North Korean hacker who tried to get a job at US tech company caught red-handed - here's how

A North Korean hacker who attempted to infiltrate the ranks of a US tech company has been caught red-handed.

He had applied for an engineering role at the Kraken cryptocurrency exchange, which knew he was a malicious actor from the very start.

But instead of rejecting his CV, executives allowed him to advance through the recruitment process so they could gather intelligence about his tactics.

The first red flag emerged when the hacker joined a video call using a different name to the one on his resume, with his voice occasionally switching throughout the interview.

It was also discovered that the dodgy candidate's email address was linked to a large network of fake identities and aliases used by a hacking group.

Forensic examination of his ID showed that it appeared to have been altered - and may have featured details from victims of identity theft.

Traps were also set in the final interview, when the hacker was asked to verify their location and recommend nice restaurants in the city they claimed to live in.

Kraken said this caused the candidate to unravel - and they were unable to convincingly answer simple questions because they were flustered and caught off guard.

"By the end of the interview, the truth was clear: this was not a legitimate applicant, but an imposter attempting to infiltrate our systems," the company added.

Read more tech news:
M&S pauses recruitment amid cyber attack
UK heading for 'climate disaster'

Its chief security officer Nick Percoco has warned state-sponsored attacks are a "global threat" - and while some hackers break in, others try to walk through the front door.

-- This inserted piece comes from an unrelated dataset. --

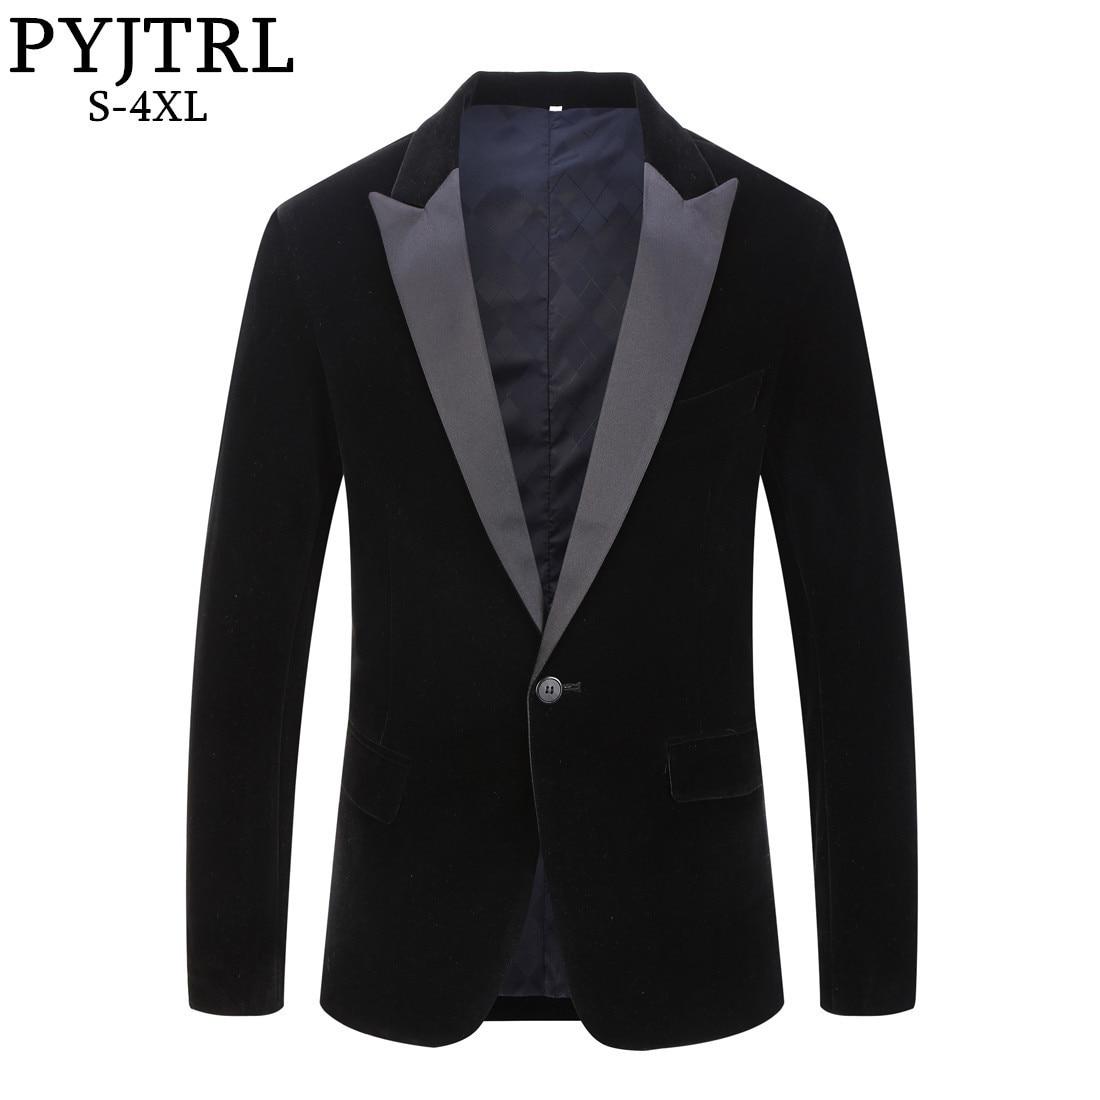 PYJTRL masculina más tamaño clásico chal negro solapa chaqueta de terciopelo hombres moda Casual boda del novio Delgado traje chaqueta cantantes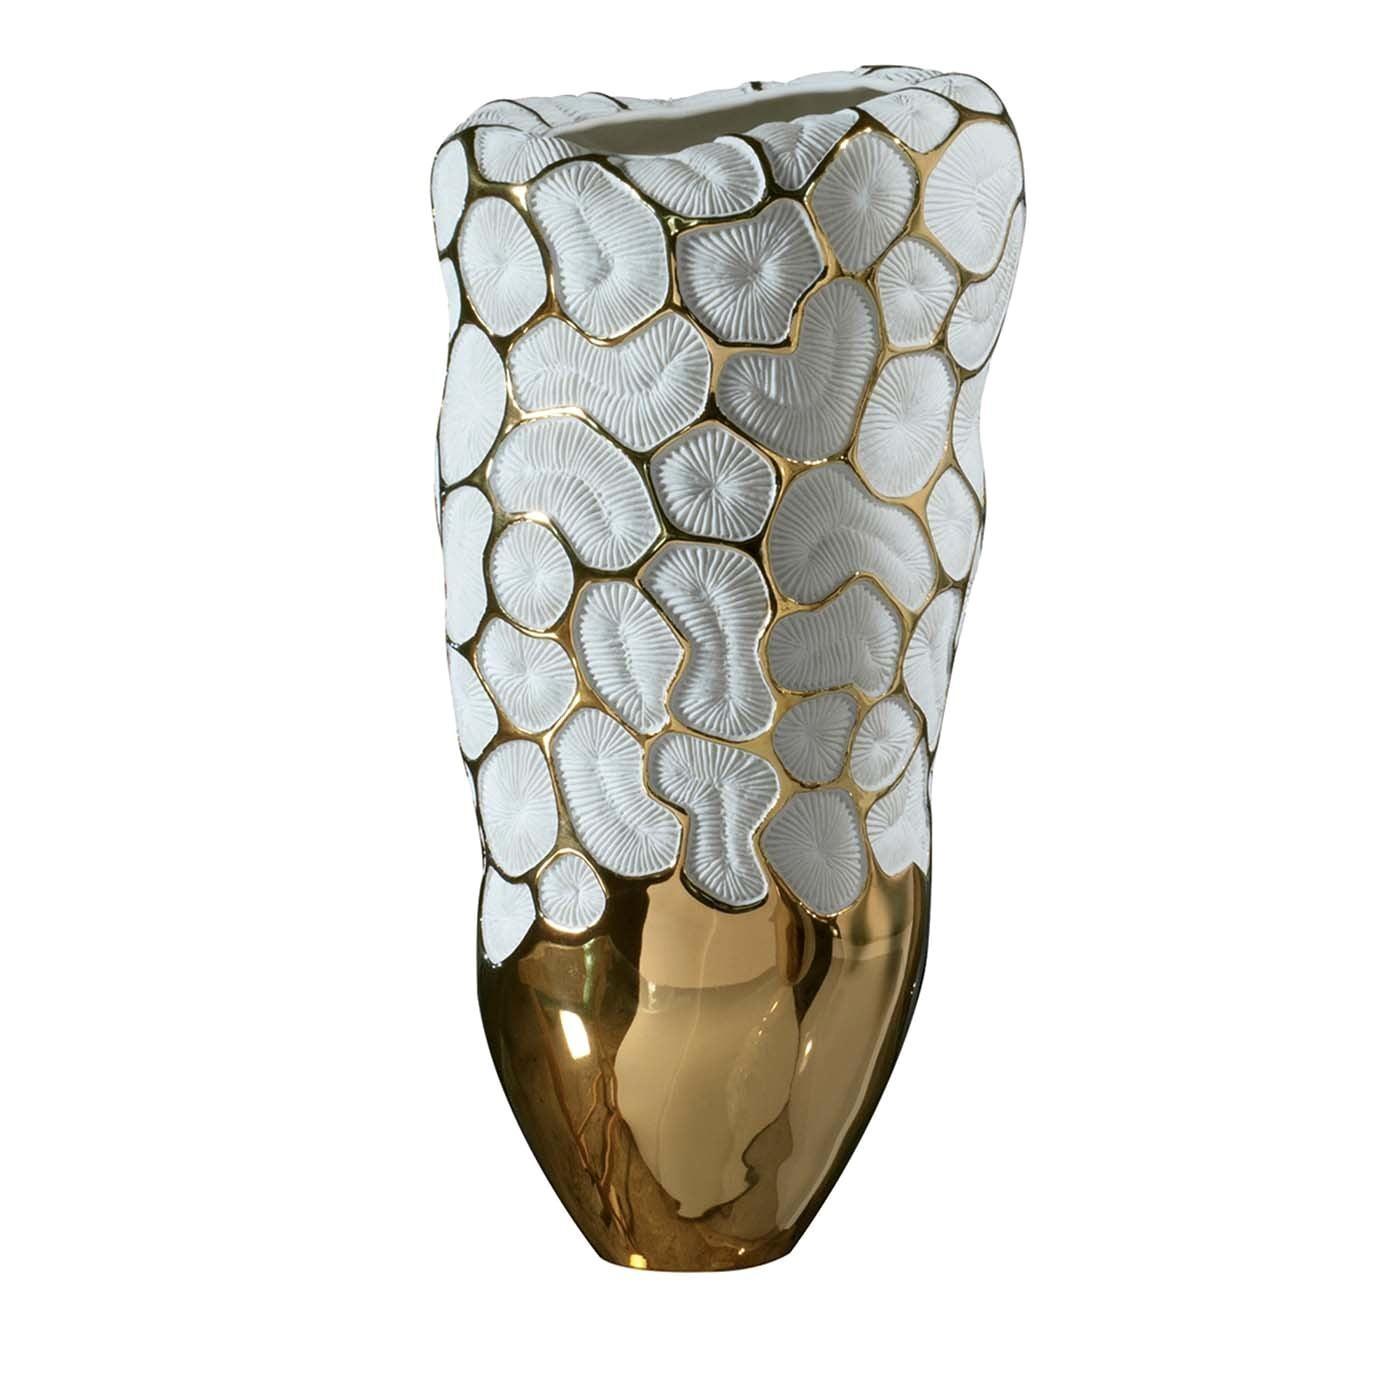 Fossilia King Vase by Fos Ceramiche

Although artificial intelligence is making it easier to deceive businesses, he doesn't believe this technology is foolproof, as real-time verification tests can often wrong-foot fraudsters.

Research from the Google Threat Intelligence Group suggests this is a growing problem - with North Korean IT workers gaining employment at major companies in the US and Europe.

Their salaries help generate revenue for the secretive state - and in some cases, malicious actors also extort their employers by threatening to release commercially sensitive information.